How to find the smallest sphere that intersects 3 given lines in 3D?

Given that all 3 lines are infinitely long, how do I find the smallest sphere that intersects (or touches) those 3 lines in 3D?

There is a simple case where the sphere can be calculated from just 2 lines and the third line can just pass through the sphere. You can ignore that case.

The case I want to solve here is when the distances from the sphere center to all 3 lines are equal (all the lines are tangent to the sphere surface). Trying to solve this case leads me to the path of solving quadratic equation systems and Lagrange multiplier which I cannot solve for an exact closed-form solution.

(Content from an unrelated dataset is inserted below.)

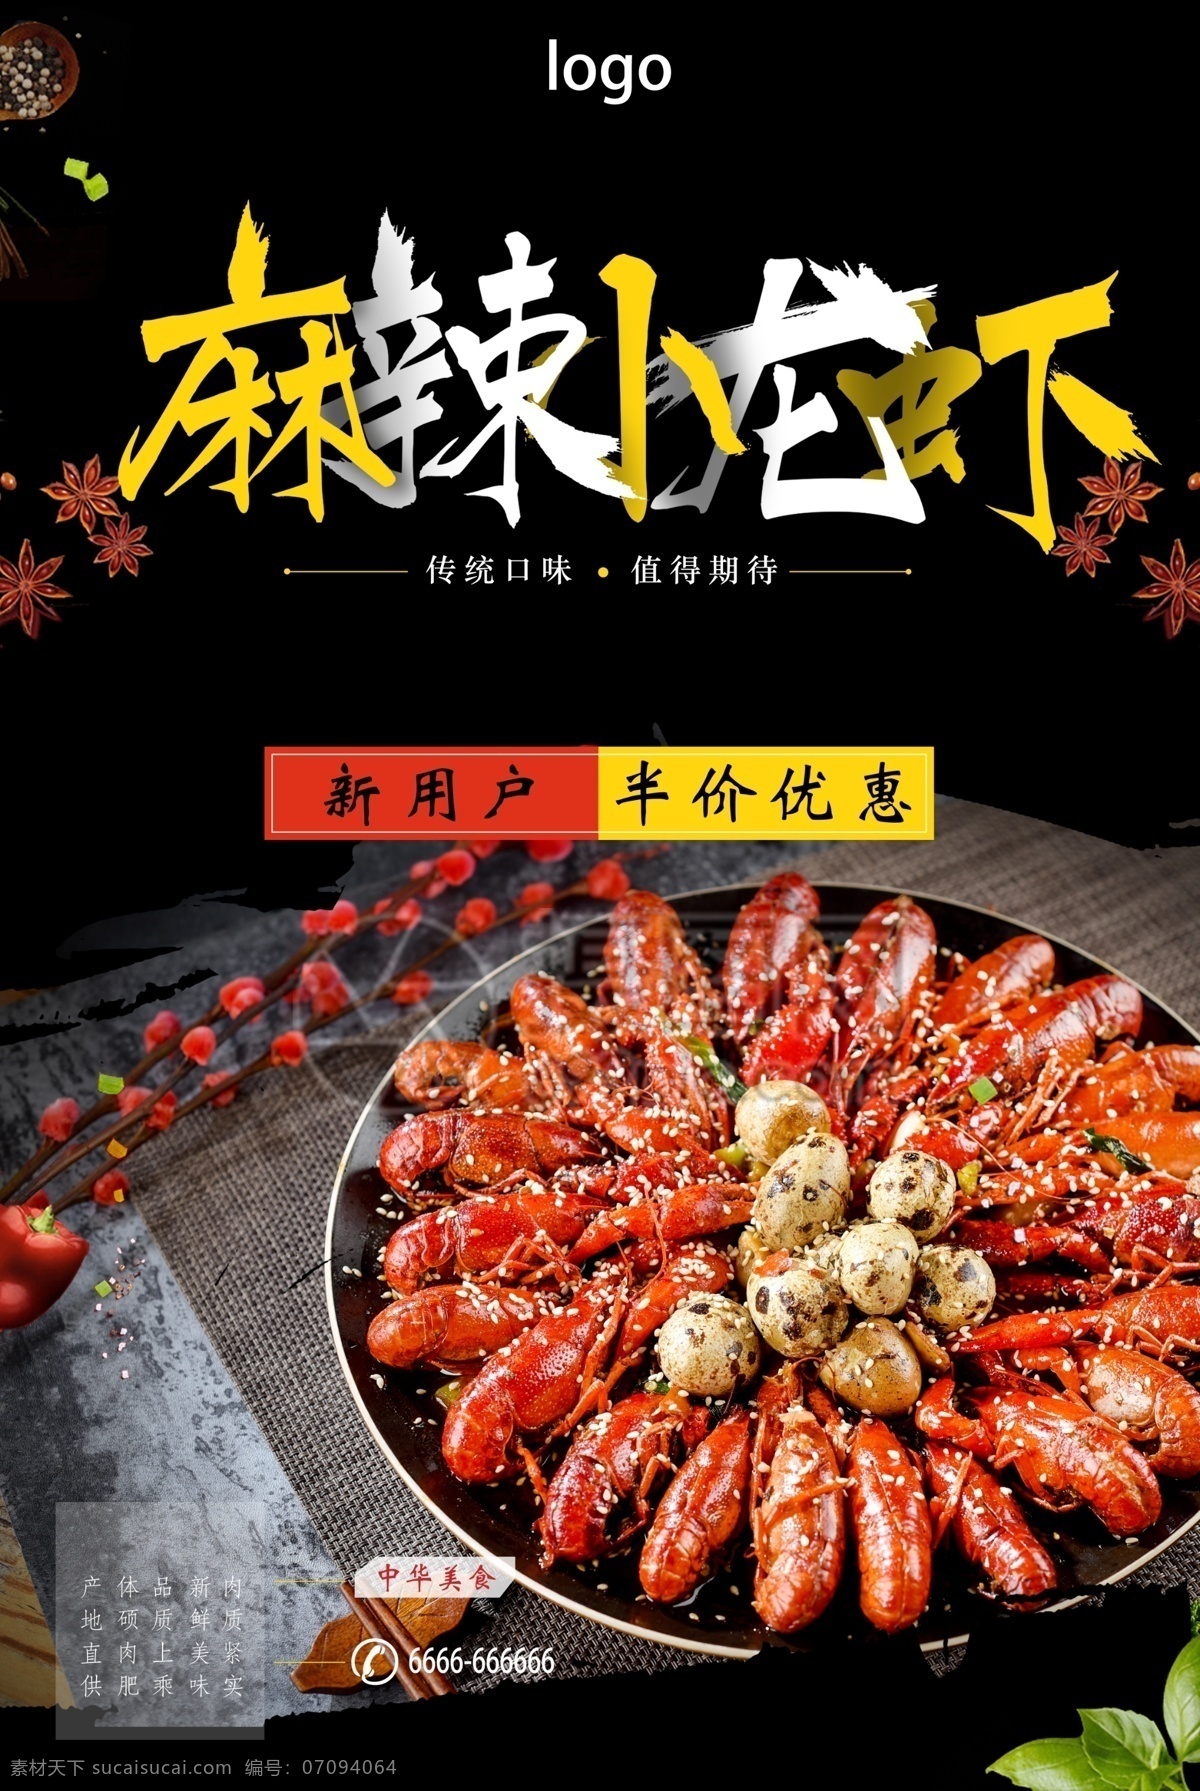 麻辣 小 龙虾 促销 海报 小龙虾 中华美食 黑色 夜宵 夏季小吃 美食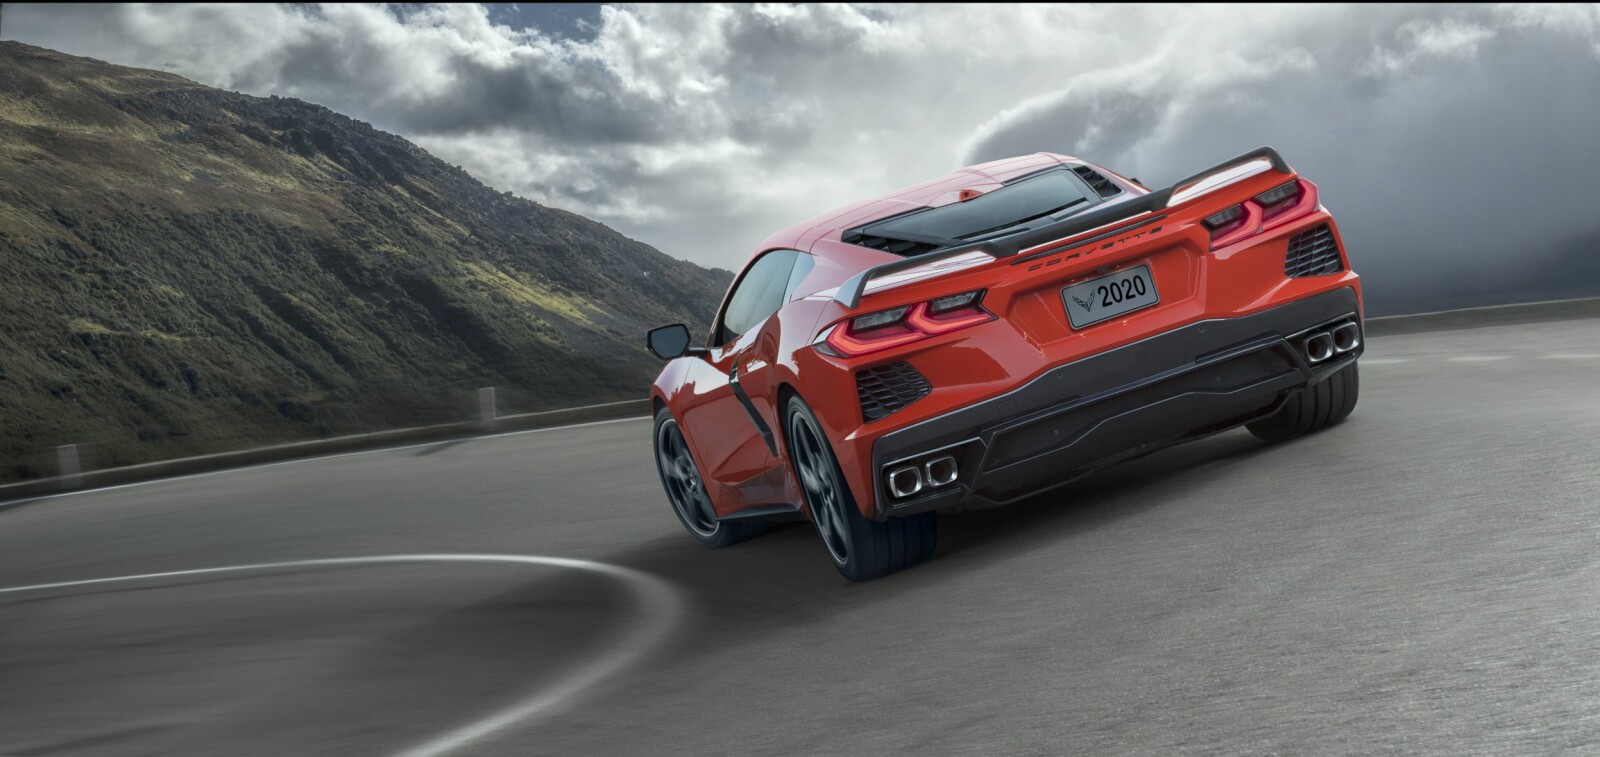 <b>ENDRINGER:</b> Etter 66 år gjør Chevrolet radikale endringer med Corvette

As I want this solution to be efficient, I try to avoid iterative methods/numerical optimizations.

• Do you know beforehand the radius of your sphere ? Nov 21 at 6:39
• Both radius and the center's coordinate are not known. Nov 22 at 7:04
• The locus of the centre of the spheres touching three lines is the intersection of two a quadrics, i.e. a quartic curve. See here: nerds-math.com/1043/synthetic-geometry Nov 22 at 14:06

Let the three lines be given by parametric equations

$$R_i(t) = P_{i} + t V_{i} ,\hspace{20pt} i = 1, 2, 3$$

where the direction vectors $$\{ V_i \}$$ are assumed to be unit vectors.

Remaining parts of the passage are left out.